◆ COLLECTED MATERIAL ◆
________________

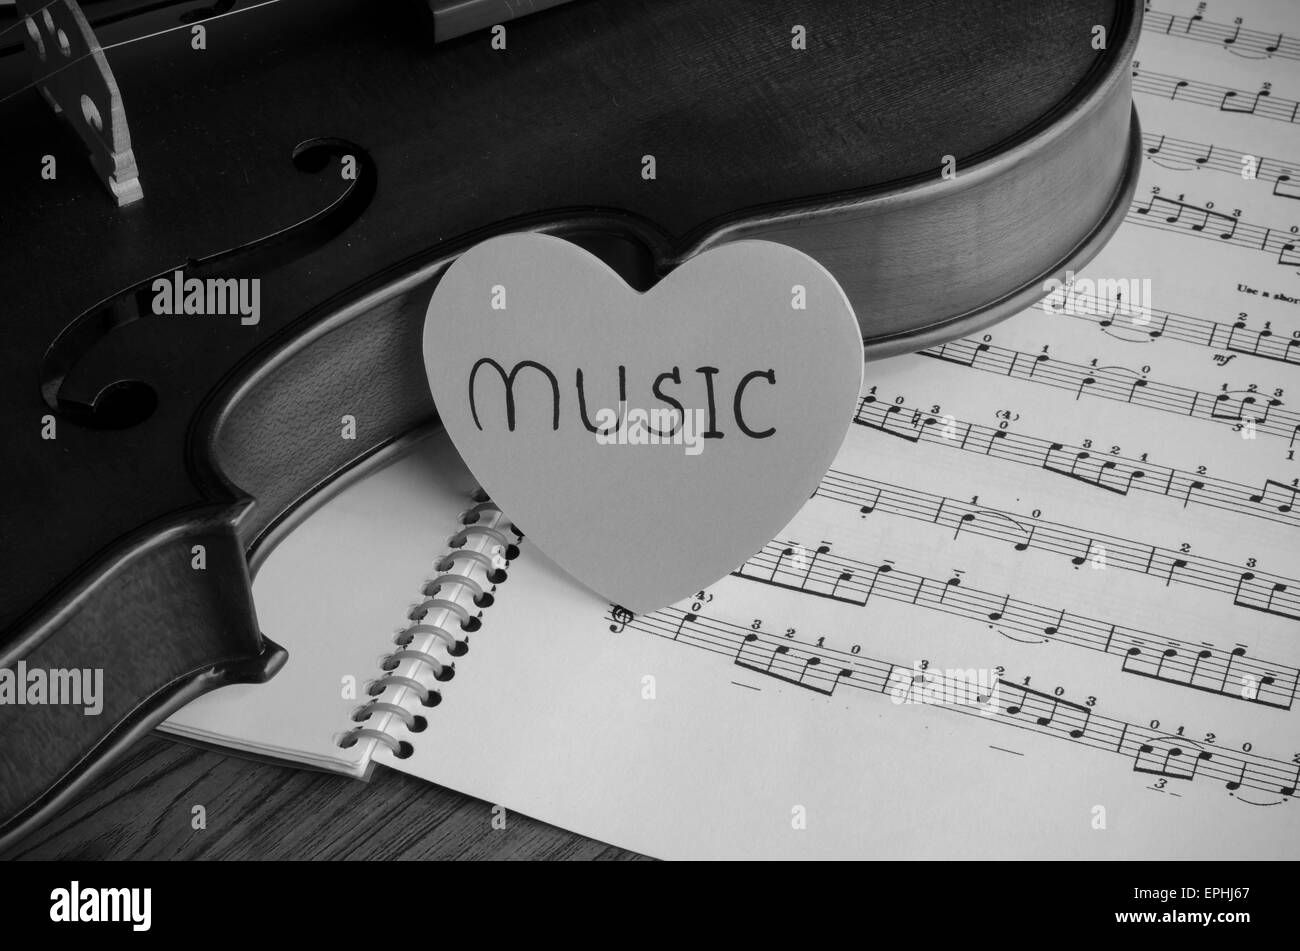 classic black and white violin Stock Photo
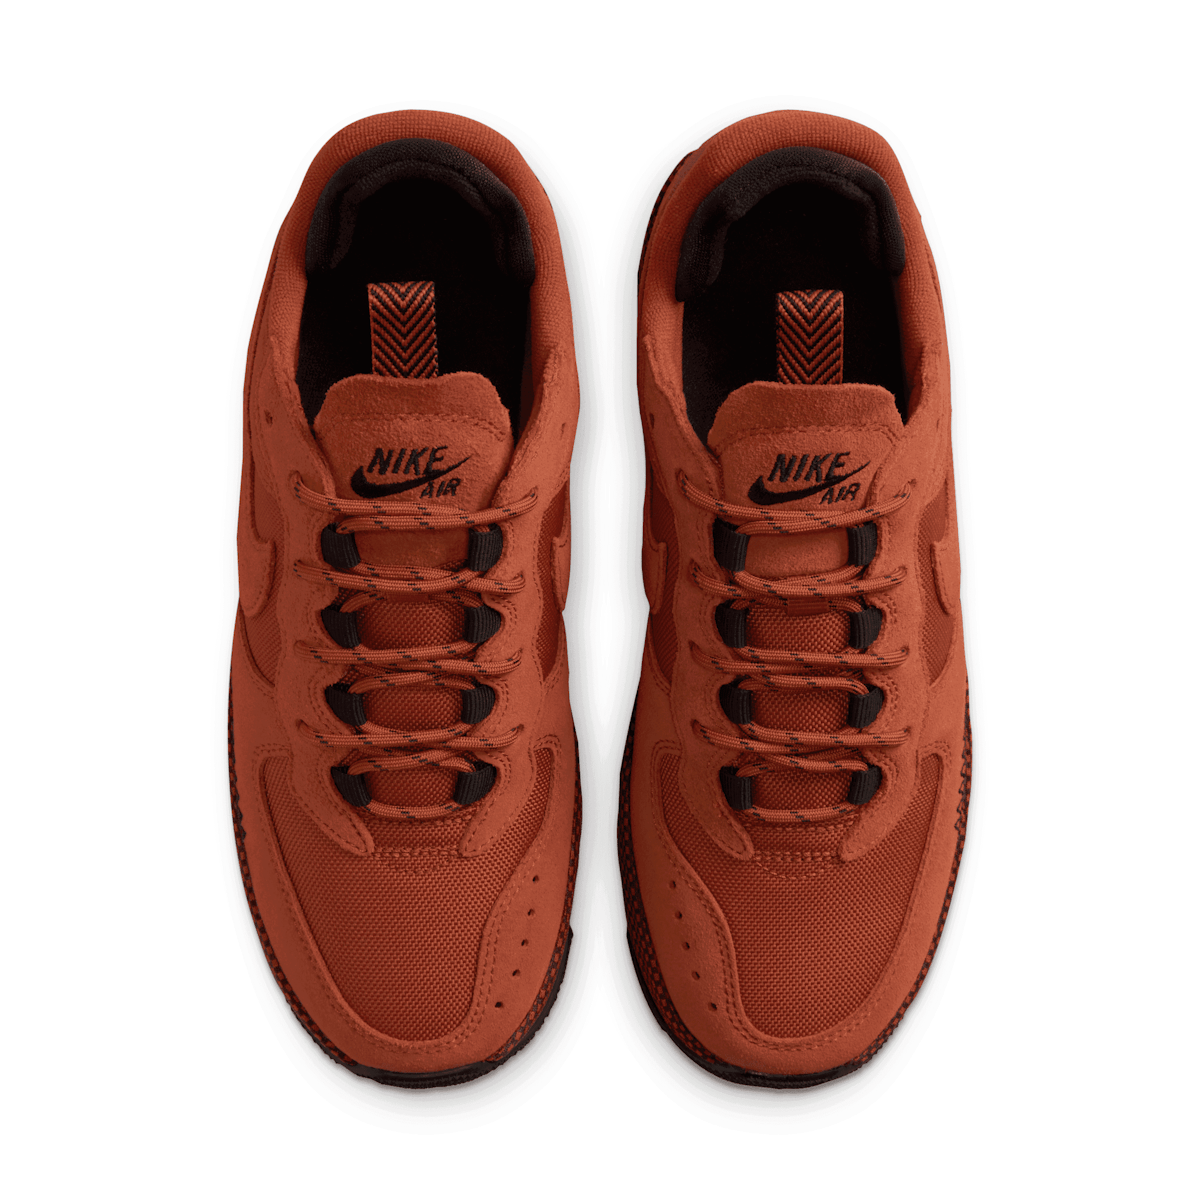 Nike Air Force 1 Wild Unisex Sneakers in Rust Orange
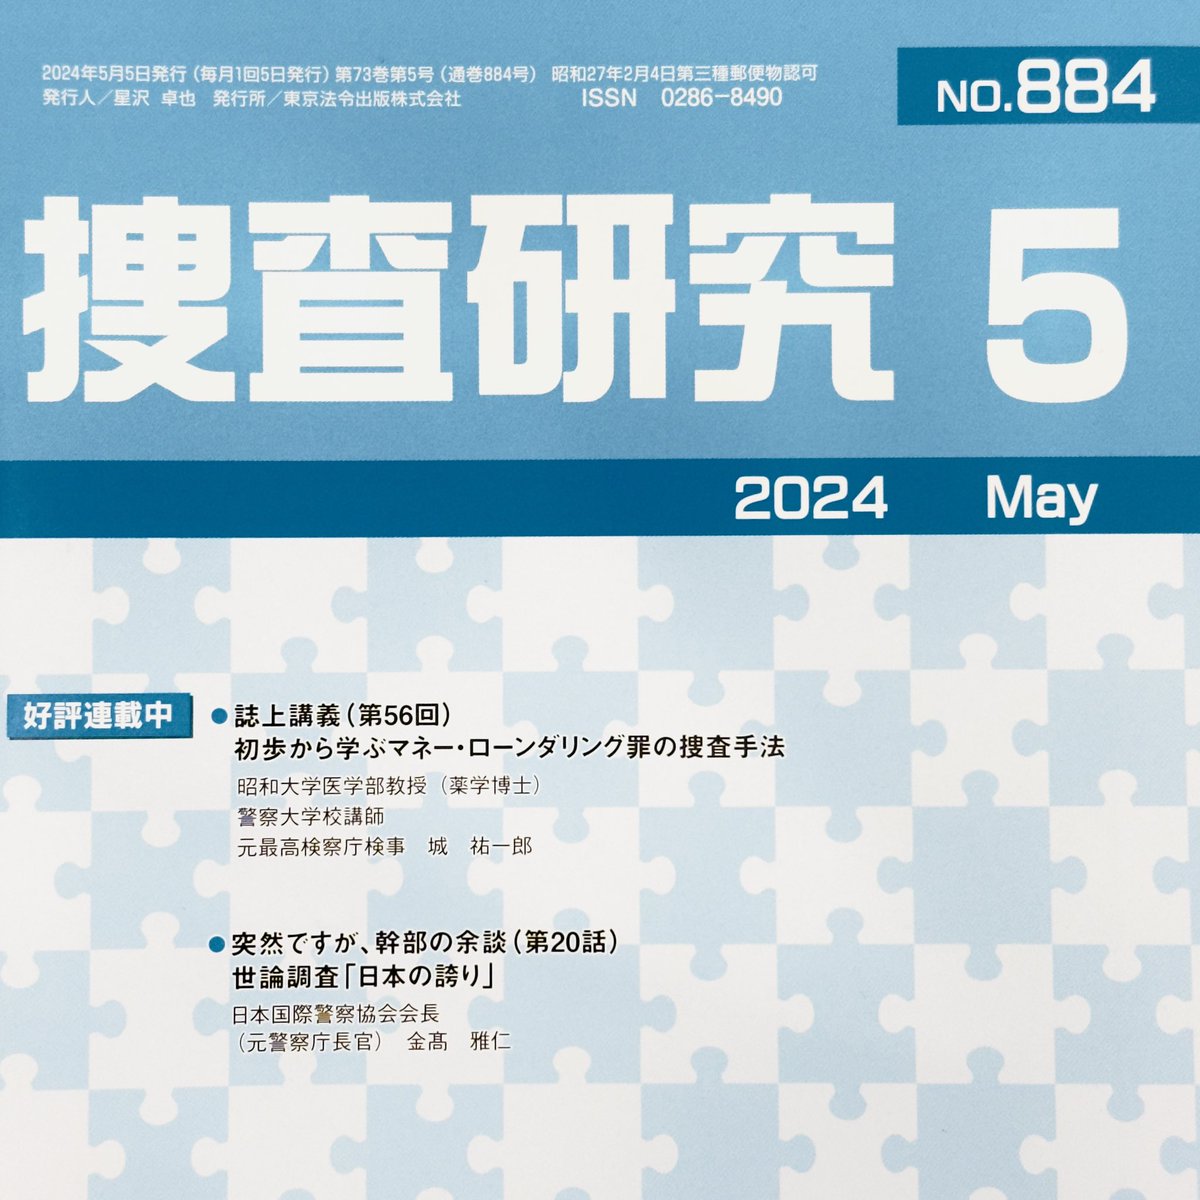 AICPO(国際ボディーガード協会)副長官でCCTT代表の小山内秀友が執筆している連載《クロース・プロテクション〜身辺警護・要人警護業務〜》の第7回記事が、東京法令出版『捜査研究』の2024年5月号(No.884)に掲載されました。今号はEnbus/Debus（車両乗降）やProtective

________________

◆ PROBLEM REQUIREMENTS ◆
Each line of the data above should be reproduced without alteration, and no picture should appear in the copy.

◆ RESPONSE AREA ◆
 classic black and white violin Stock Photo
 Nike Air Force 1 Wild Unisex Sneakers in Rust Orange
 AICPO(国際ボディーガード協会)副長官でCCTT代表の小山内秀友が執筆している連載《クロース・プロテクション〜身辺警護・要人警護業務〜》の第7回記事が、東京法令出版『捜査研究』の2024年5月号(No.884)に掲載されました。今号はEnbus/Debus（車両乗降）やProtective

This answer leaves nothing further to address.